Obama turns up the heat

With the focus of the world on Ukraine and the situation in Crimea, it seemed that Monday’s meeting between President Obama and Benjamin Netanyahu would be of considerably less importance. According to Barak Ravid in Ha’aretzIsraeli representatives sent to the White House on Friday “found their interlocutors preoccupied with the crisis in Ukraine,” and that events in Eastern Europe will “overshadow the visit of Prime Minister Benjamin Netanyahu to the White House Monday”.

However, a just-published interview with President Obama by Jeffrey Goldberg on BloombergView indicates the exact opposite. In it, President Obama clearly states that he intends to confront Benjamin Netanyahu with an ultimatum: “If not now, when? And if not you, Mr. Prime Minister, then who?”

A good question, and one that Palestinian President Mahmoud Abbas has almost certainly internalized already. According to President Obama, Abbas is of “a rare quality not just within the Palestinian territories, but in the Middle East generally”. Netanyahu’s challenge is, of course, much greater than Abbas’. The West Bank cannot be described as a democracy. Abbas, as far as we can tell, has free rein to hold talks. Once an agreement is reached, the hurdles to be overcome are the PLO Central Committee and a referendum. These are not impossible tasks.

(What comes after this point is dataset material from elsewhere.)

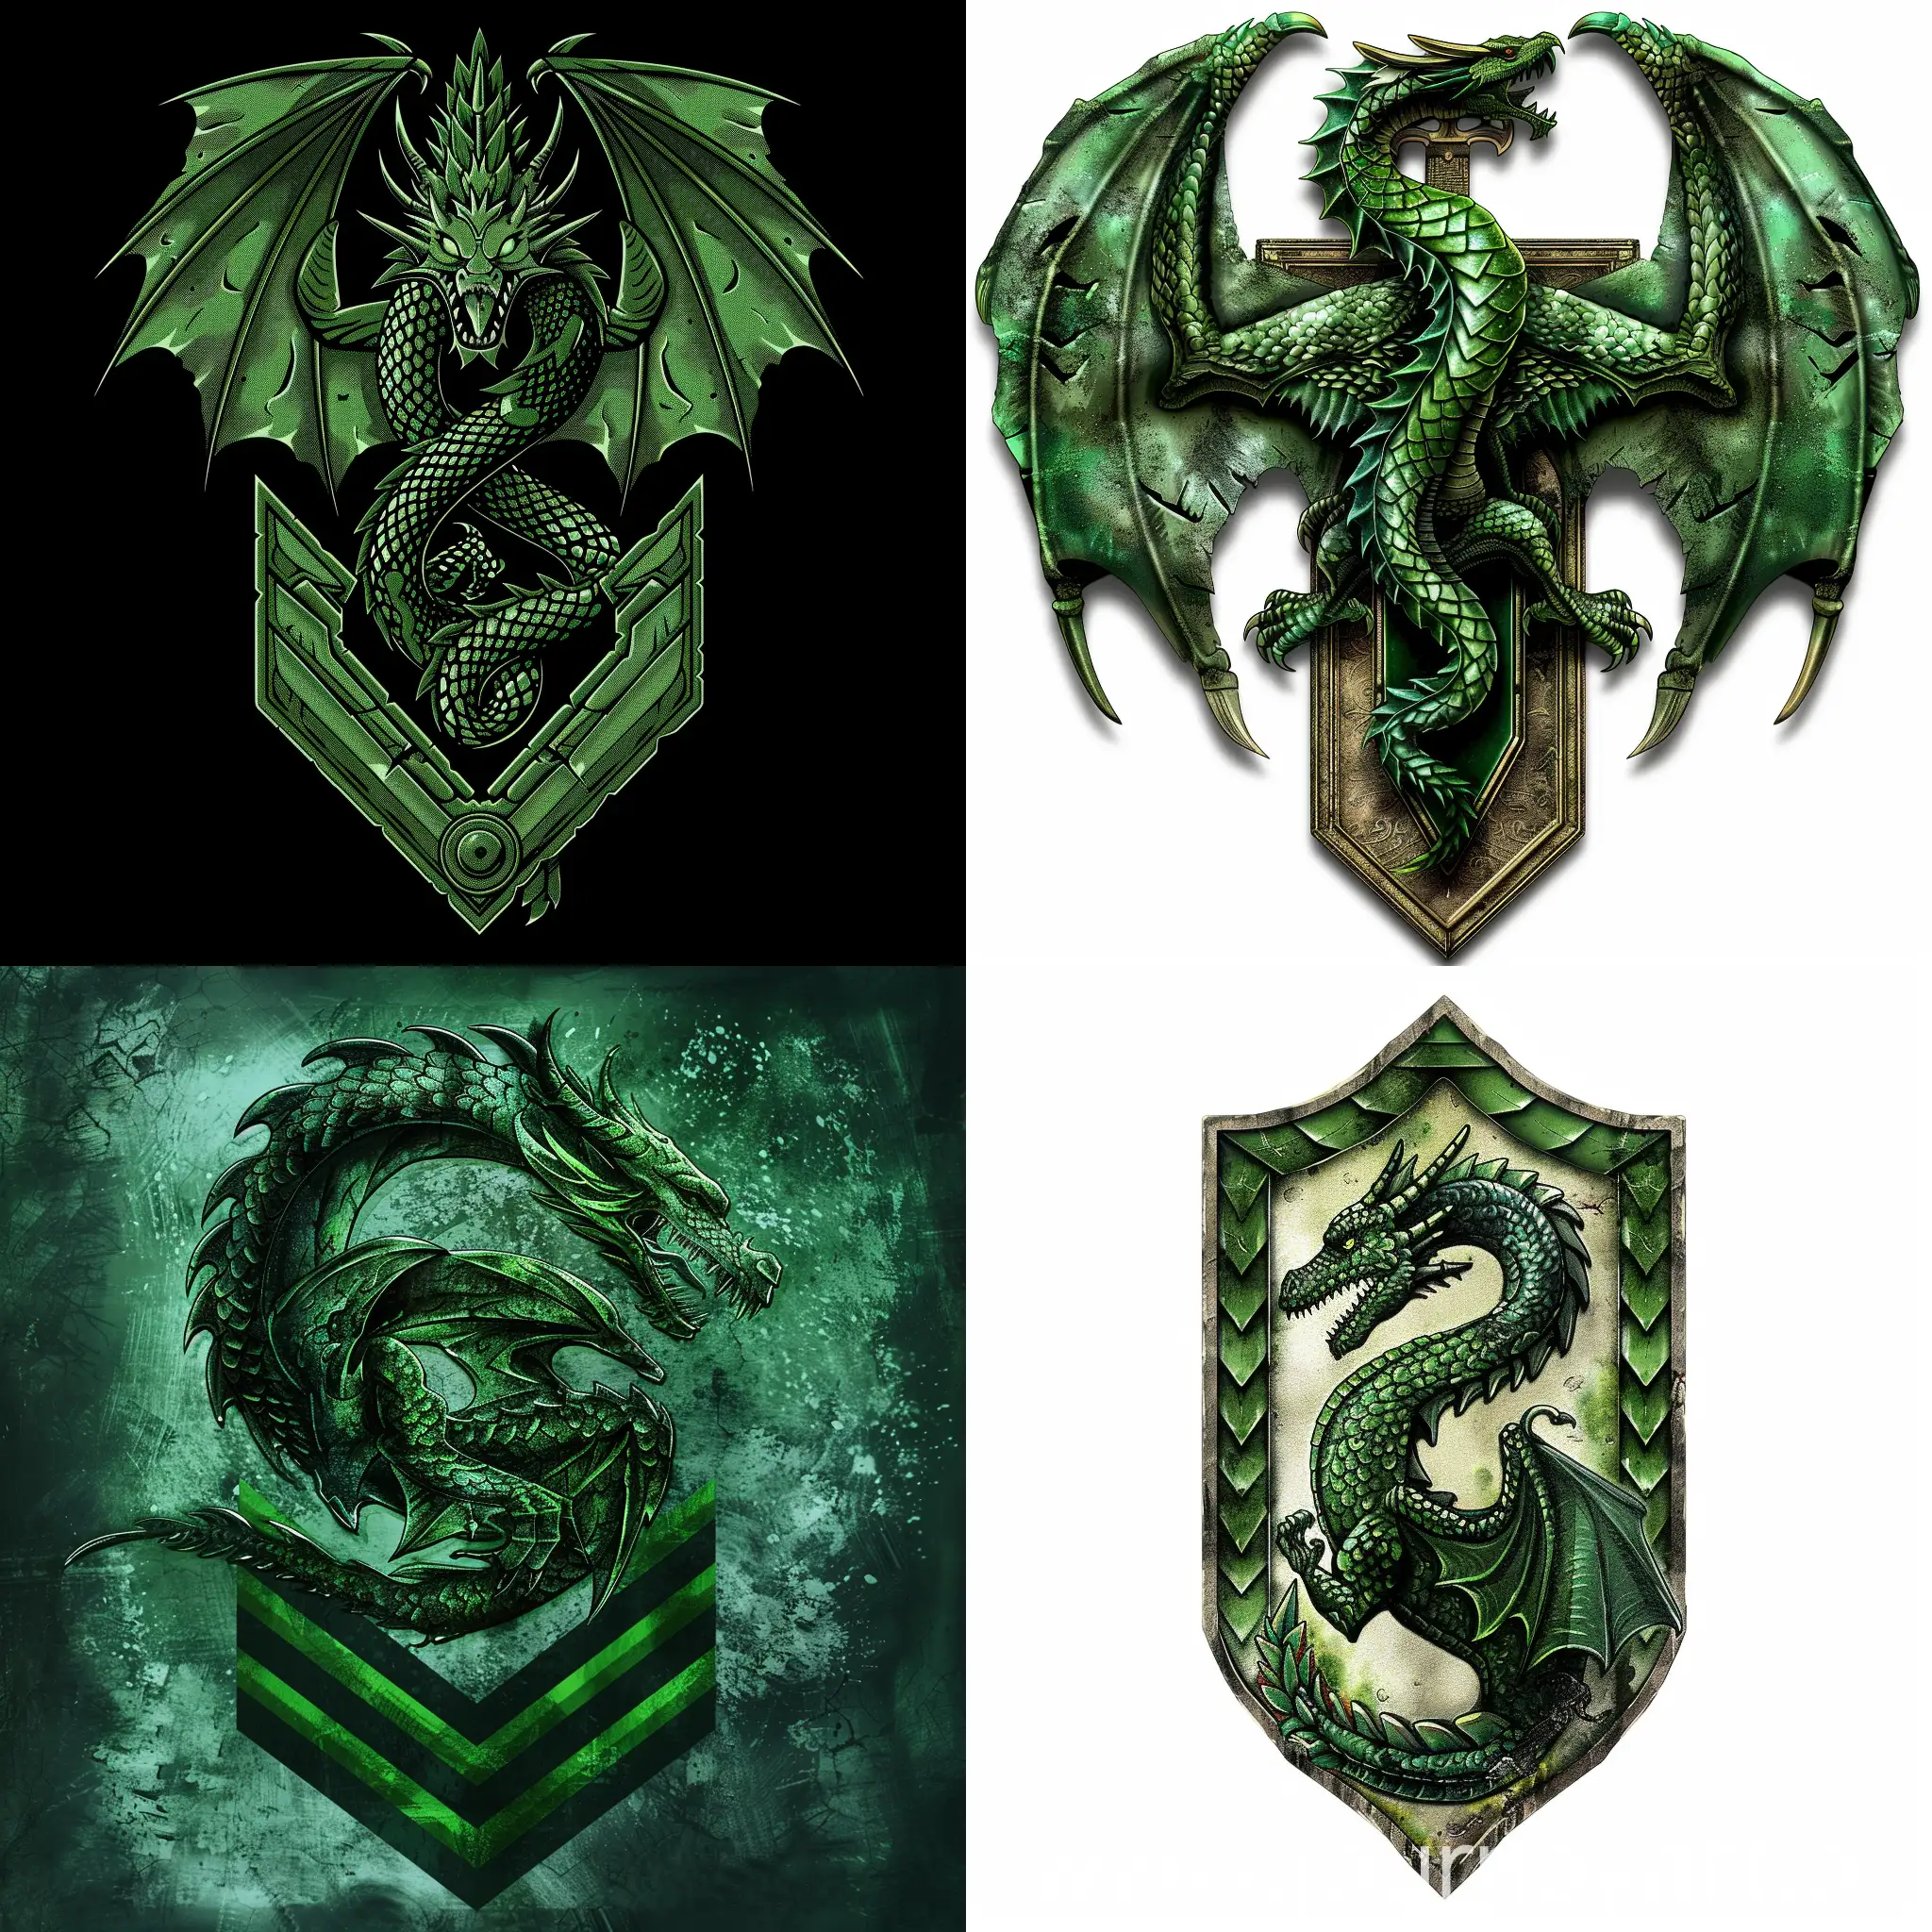 Emerald Dragon military chevron

Netanyahu’s government must survive these talks, and with a tenuous 68/120 seat majority that includes 12 from the far-right Bayit Yehudi and at least an equal number of radicals in Likud, this will be no easy chore. A new election poses an undesirable threat to the talks themselves. Which brings the question of whether President Obama’s increased involvement in talks that have thus far been conducted in secret is a good thing. I say it is.

With experts like Martin Indyk and David Makovsky by his side, John Kerry has unlikely drawn up a framework that will spark acrimony in the governing coalition. Its most controversial elements will likely be shrouded in technocratic vernacular, and therefore the political costs will be mitigated. The framework will have served its purpose: to extend the talks past the April deadline.

It’s good to see that President Obama has not shifted his focus away from an Israeli-Palestinian agreement. As the president correctly points out in the interview, what precludes greater cooperation in the Middle East is the irresolution of this conflict. Nay, a relic of a conflict.